■ **Problem description**
Output the full listing below exactly; the images stay out.

■ **Supplied material**
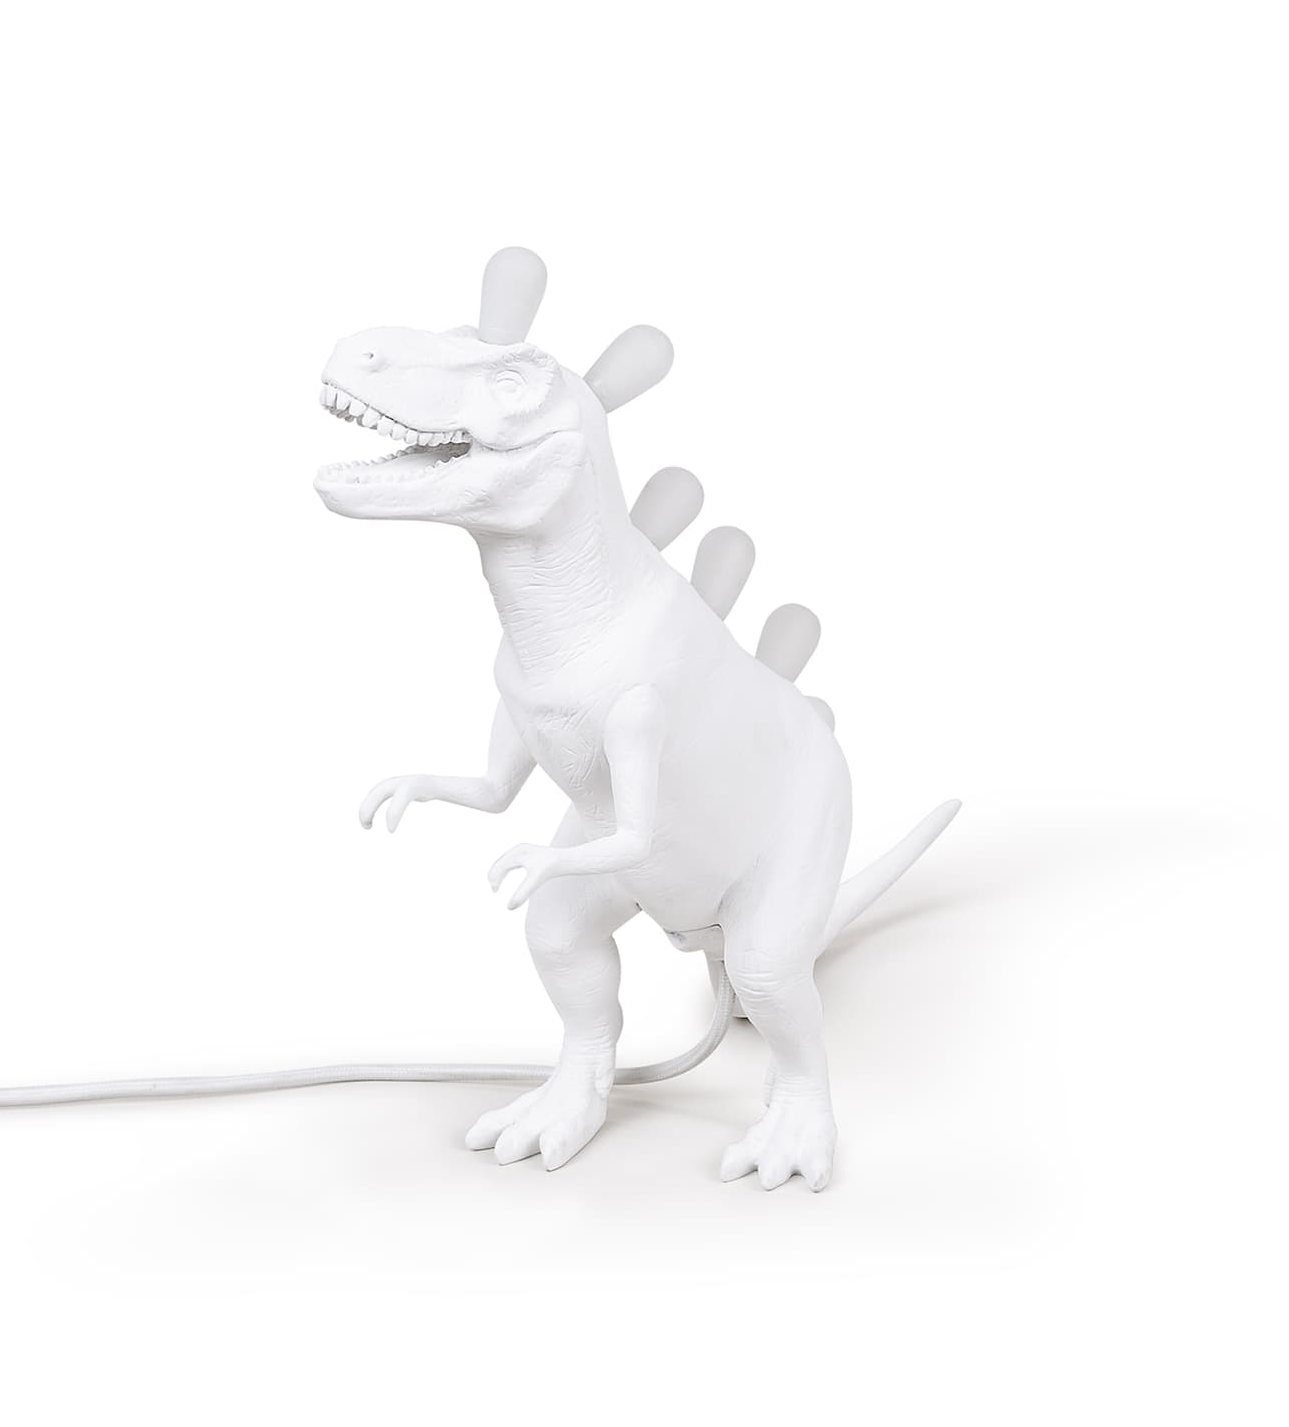 Dinosaurielampa JURASSIC LAMP REX, Seletti
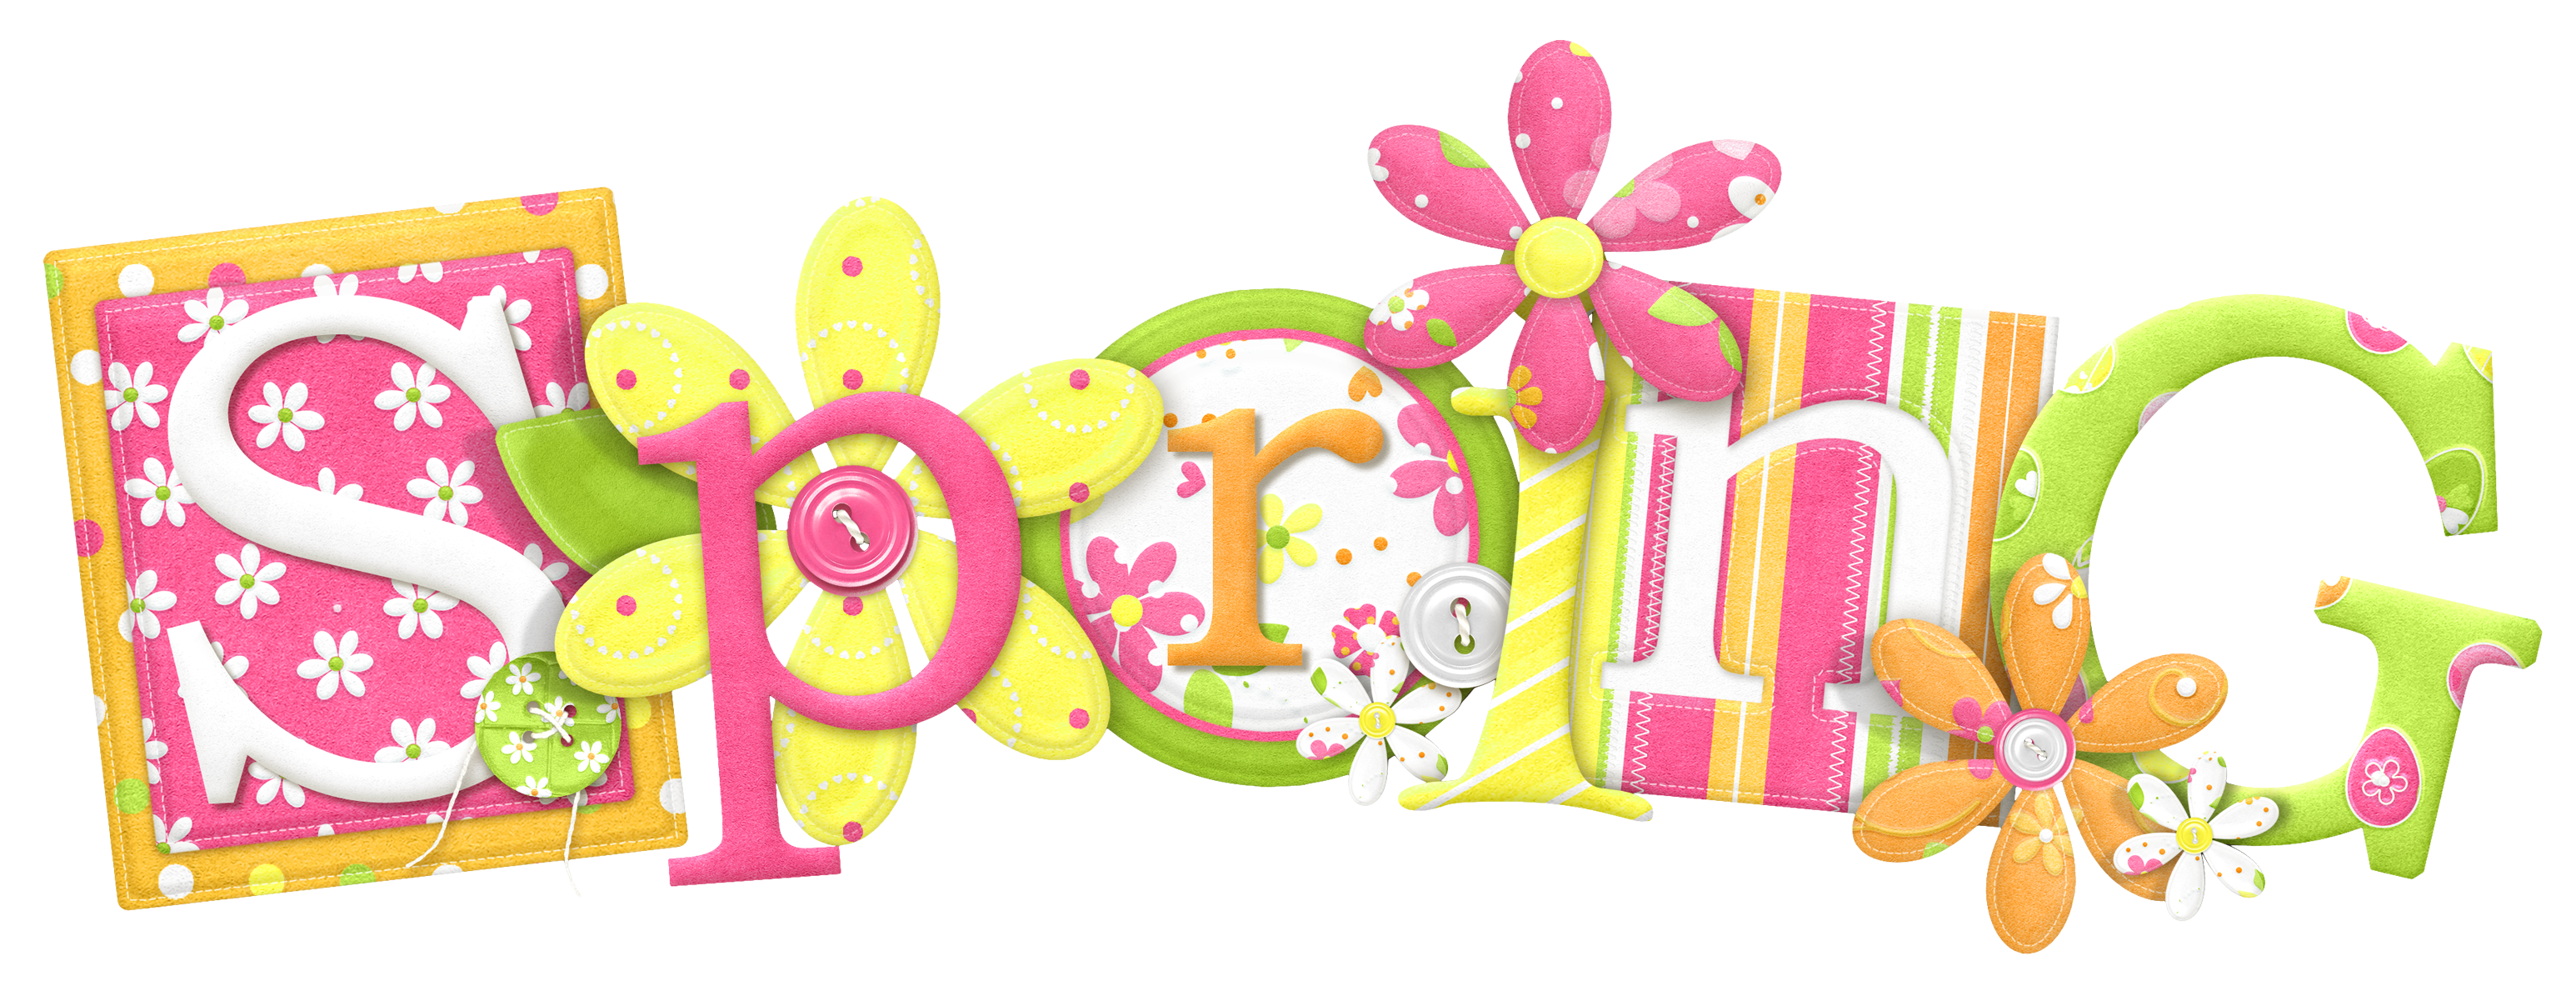 Spring clip art free clipart image 2-Spring clip art free clipart image 2-4
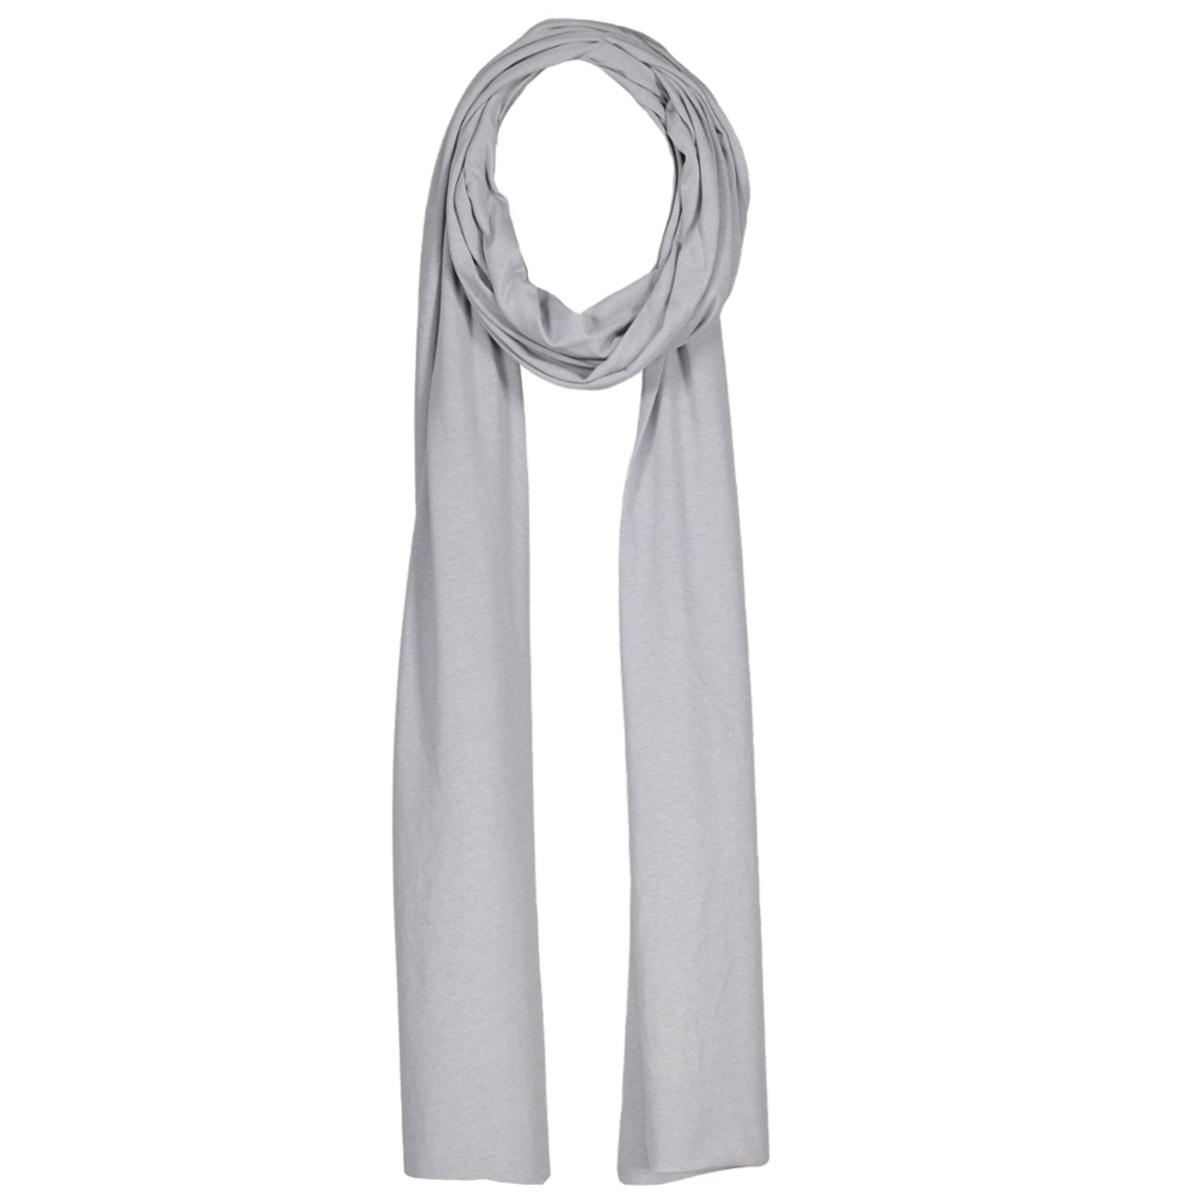 732 blue pepper sjaal grey

■ **Result for this exercise**
 Dinosaurielampa JURASSIC LAMP REX, Seletti
 Spring clip art free clipart image 2-Spring clip art free clipart image 2-4
 732 blue pepper sjaal grey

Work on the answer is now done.